DATA SEGMENT:
+-------+

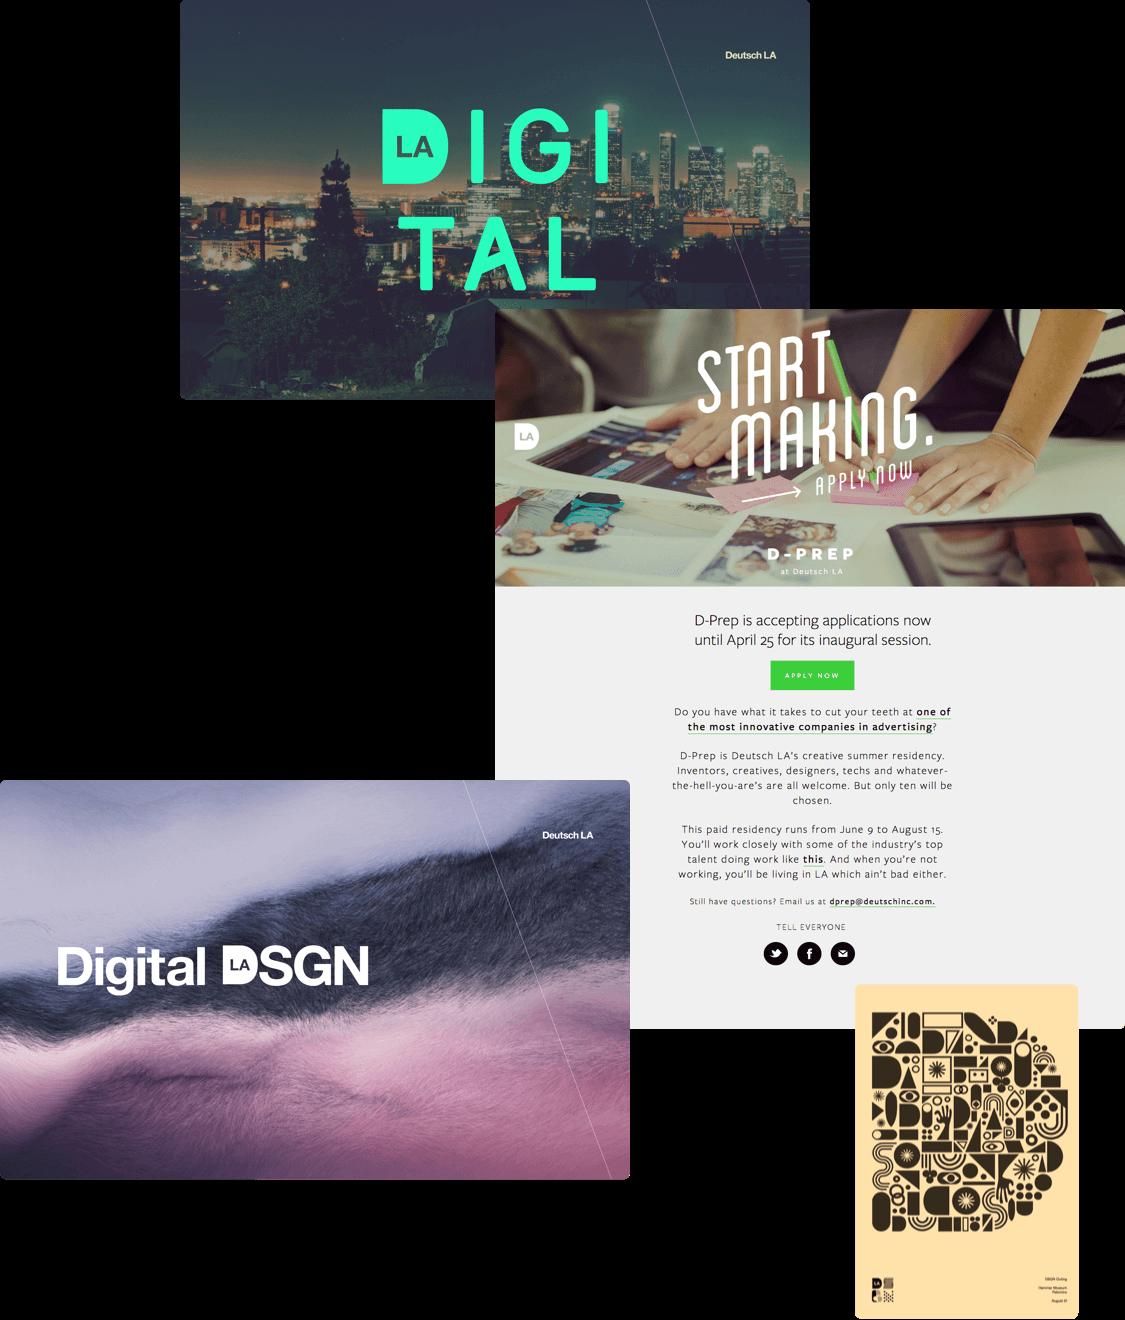 DLA_DigitalDSGN
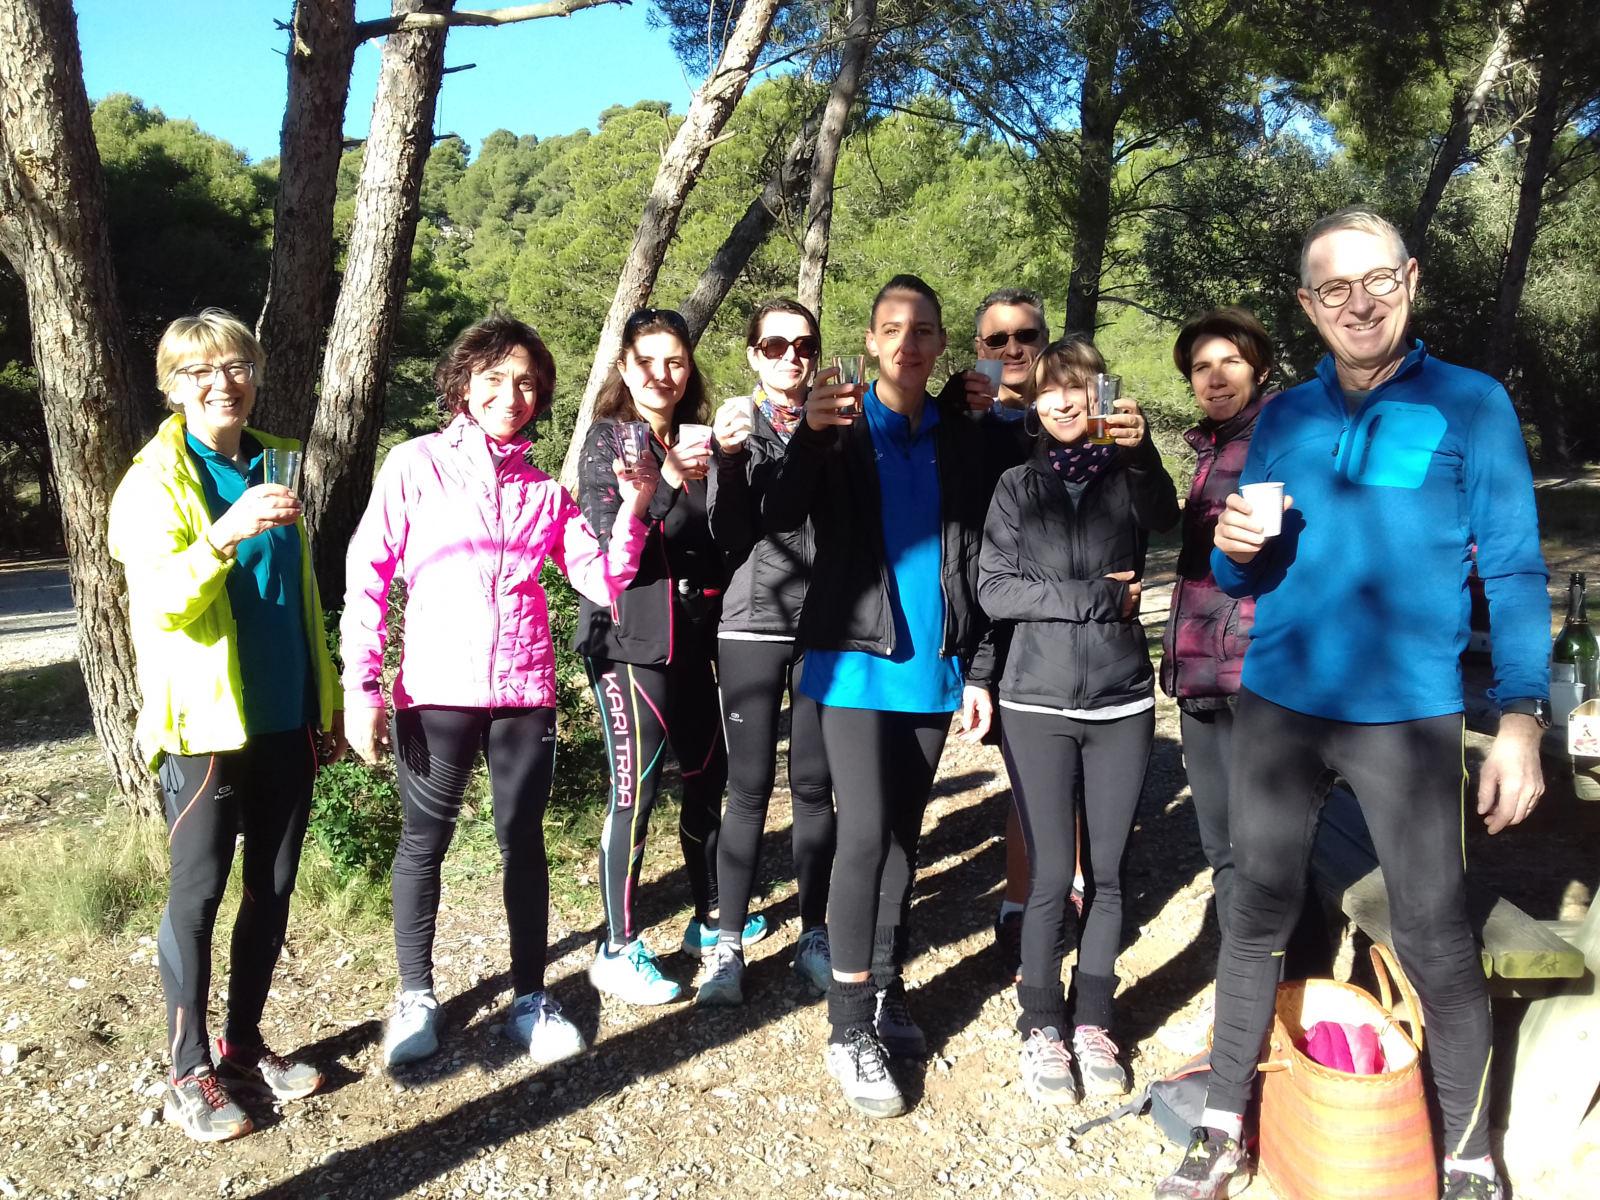 ACAD - Activités Sportives Apéritif de noël (MNS)
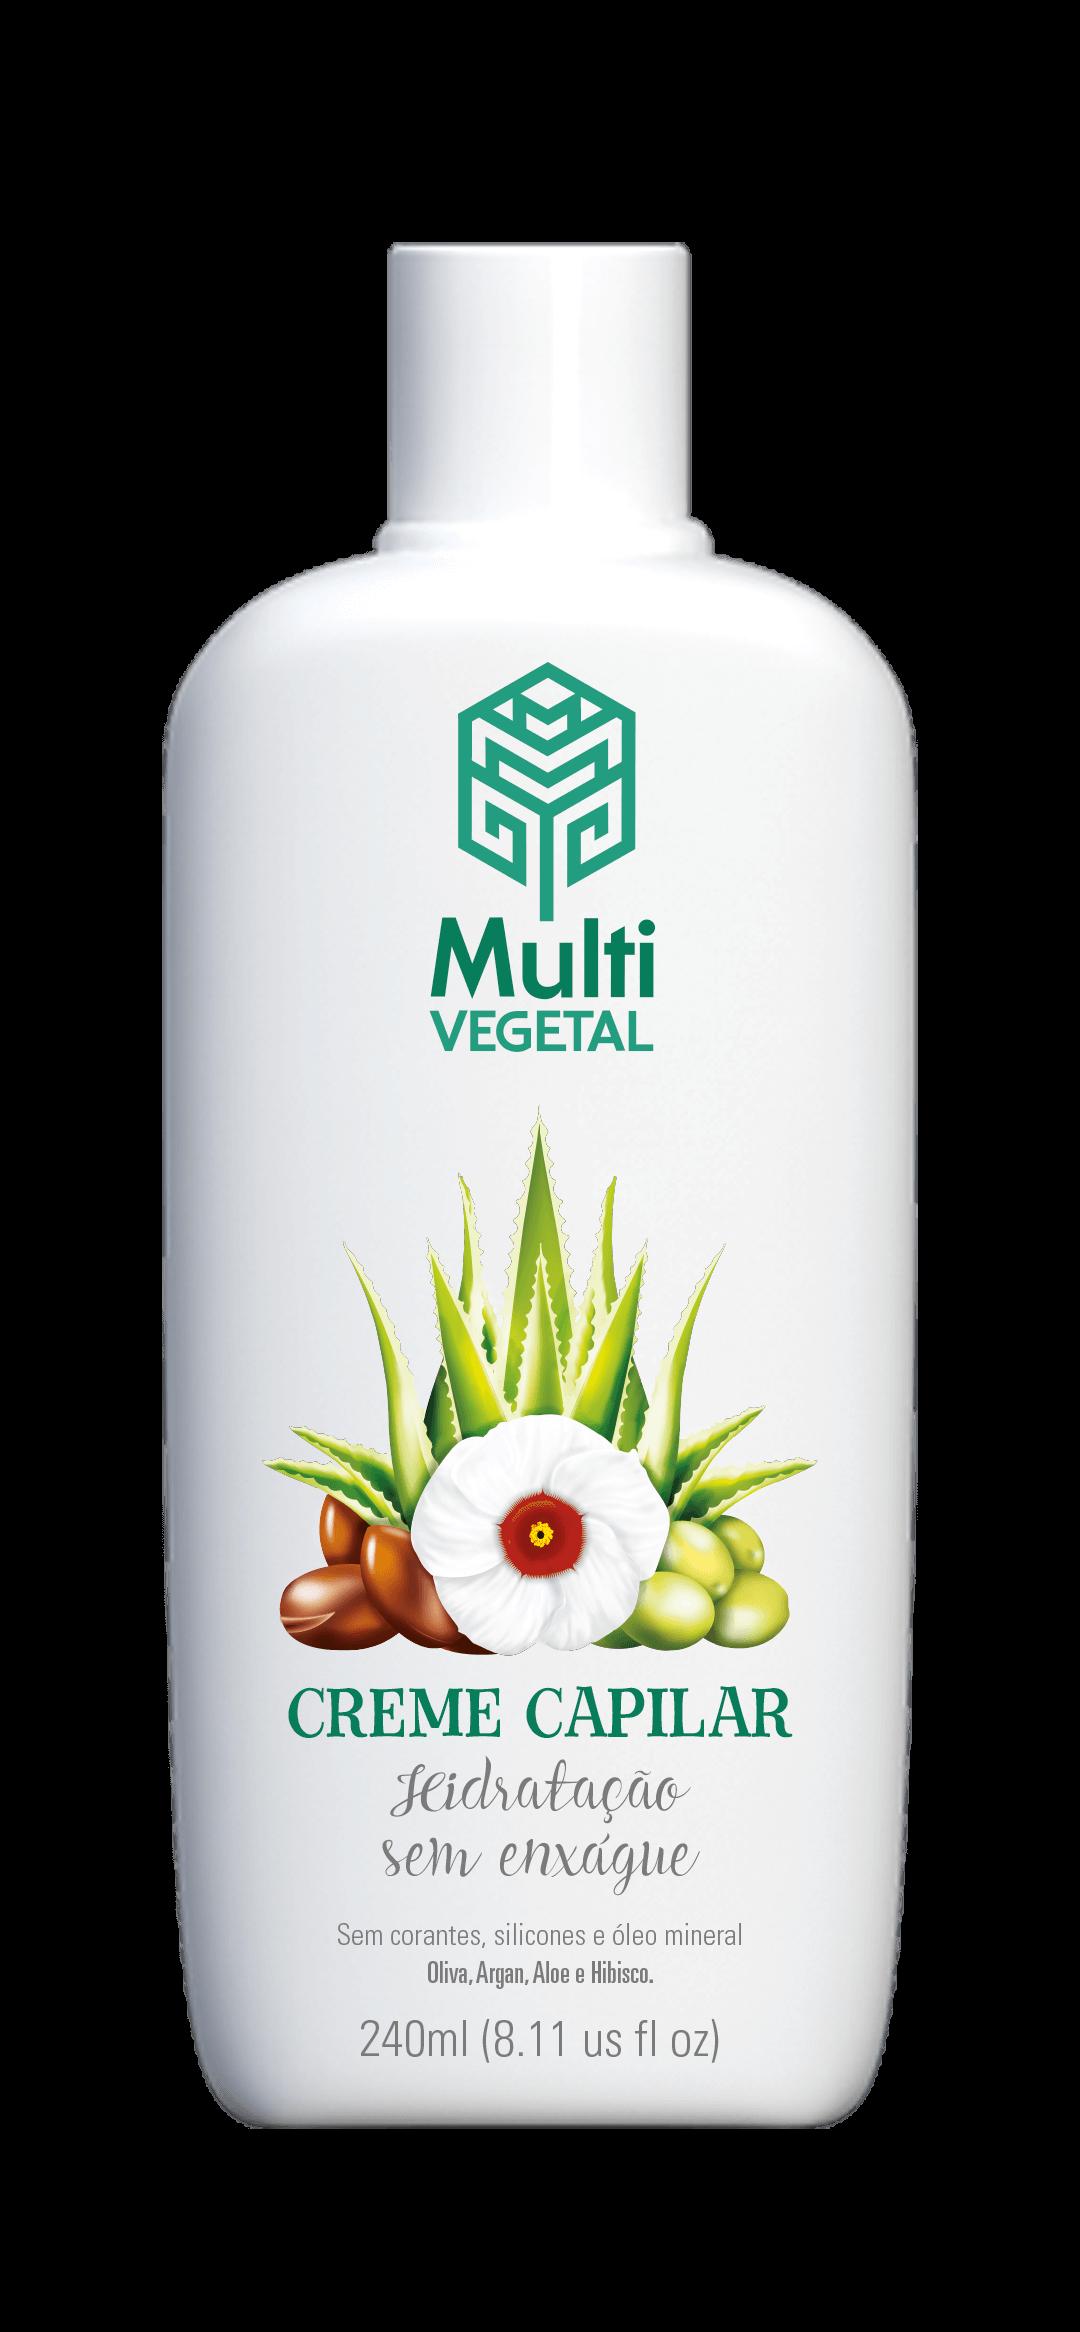 Creme Capilar de Oliva com Argan, Aloe e Hibisco 240ml

+-------+

EXERCISE:
Excluding the images, copy all of the material above verbatim.

ANSWER SPACE:
 DLA_DigitalDSGN
 ACAD - Activités Sportives Apéritif de noël (MNS)
 Creme Capilar de Oliva com Argan, Aloe e Hibisco 240ml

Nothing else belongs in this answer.